The studies that considered SSBs highlighted that free NPW has a higher probability of selection over SSBs than purchasable water alternatives [59,73]. In a study of California middle schools, some school stakeholders expressed concerns that offering free NPW could negatively affect USDA meal reimbursements, vendor contracts, or funding for extracurricular activities supported by alternative beverage sales [73]. Beyond NPW costs, it is also important to note that some studies documented lower costs of SSBs that packaged water for some water-insecure individuals, in which study respondents indicated that SSBs would be preferentially purchased [31,45,57,59,62,66]. In one US study, a participant explained that the Special Supplemental Nutrition Program for Women, Infants, and Children requirements contributed to this discrepancy in affordability, as benefits covered the cost of fruit juice but not bottled water [45].

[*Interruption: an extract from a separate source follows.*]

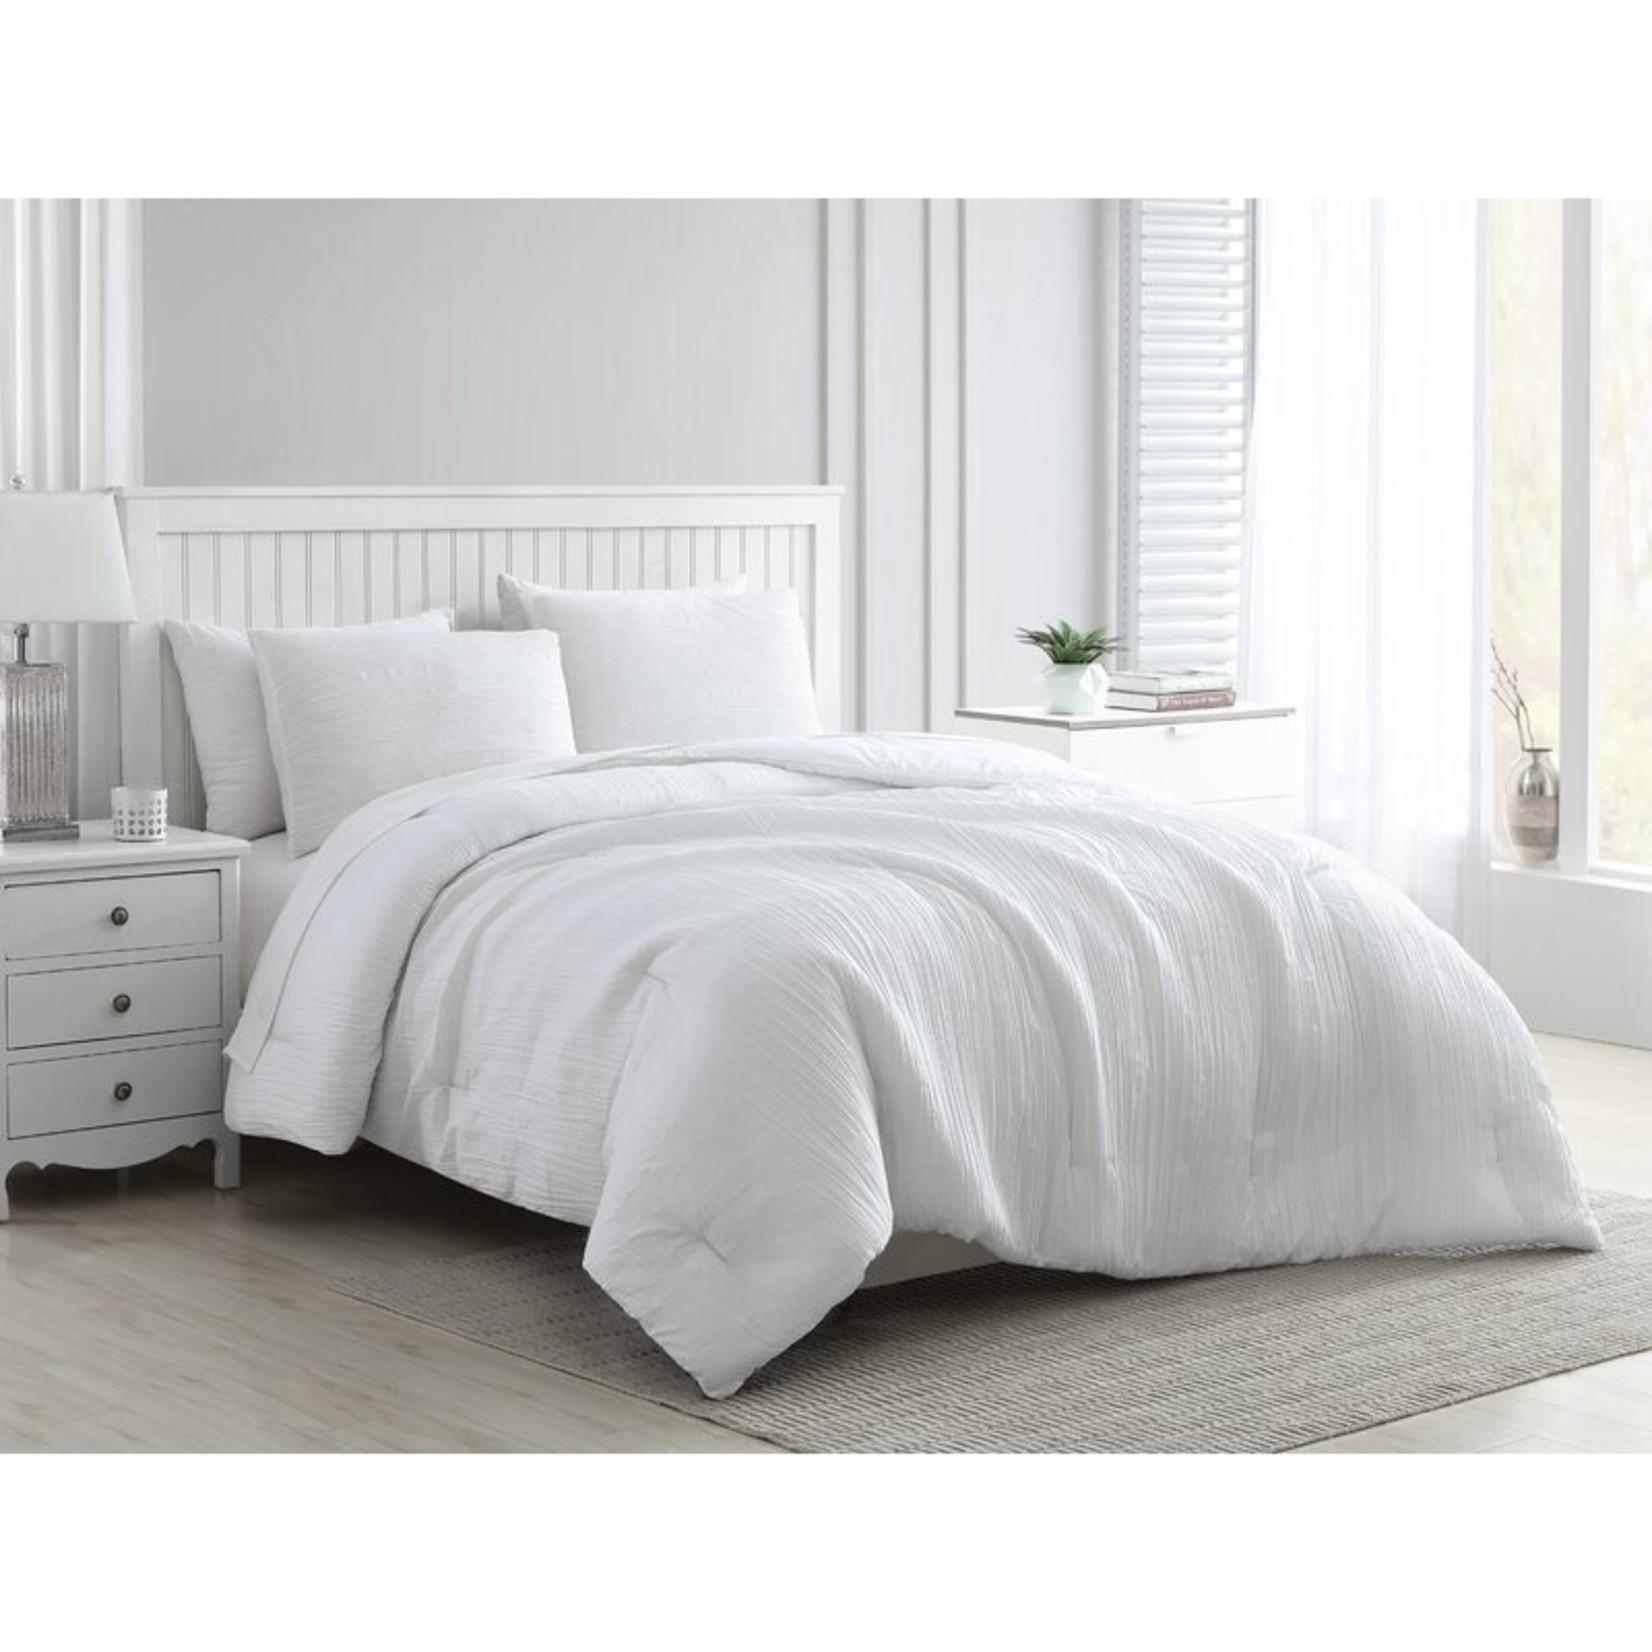 *Queen - Azime Greenport Crinkle 3-Piece Comforter Set In Wedgewood - White - Final Sale

3.4.5. Appearance/Turbidity.

In the 12 studies (15% of total studies) that mentioned the appearance or turbidity of water, consumers universally preferred clear and colorless water [40,45,47,49,52,54,57,62,66,71,73,76]. Of the studies addressing appearance or turbidity, three (25%) included LMICs and nine (75%) included HICs. Naturally occurring minerals or aging infrastructure can cause water to appear yellow, orange, brown, or “rusty” [45,49,57,62,66,71]. Cloudy or turbid water decreased acceptability of NPW [40,45–47,54,76]. Jones et al. (2006) reported that respondents commonly treated their water to reduce cloudiness [47]. Visibly dirty or unclean water sources may also discourage usage [66,73].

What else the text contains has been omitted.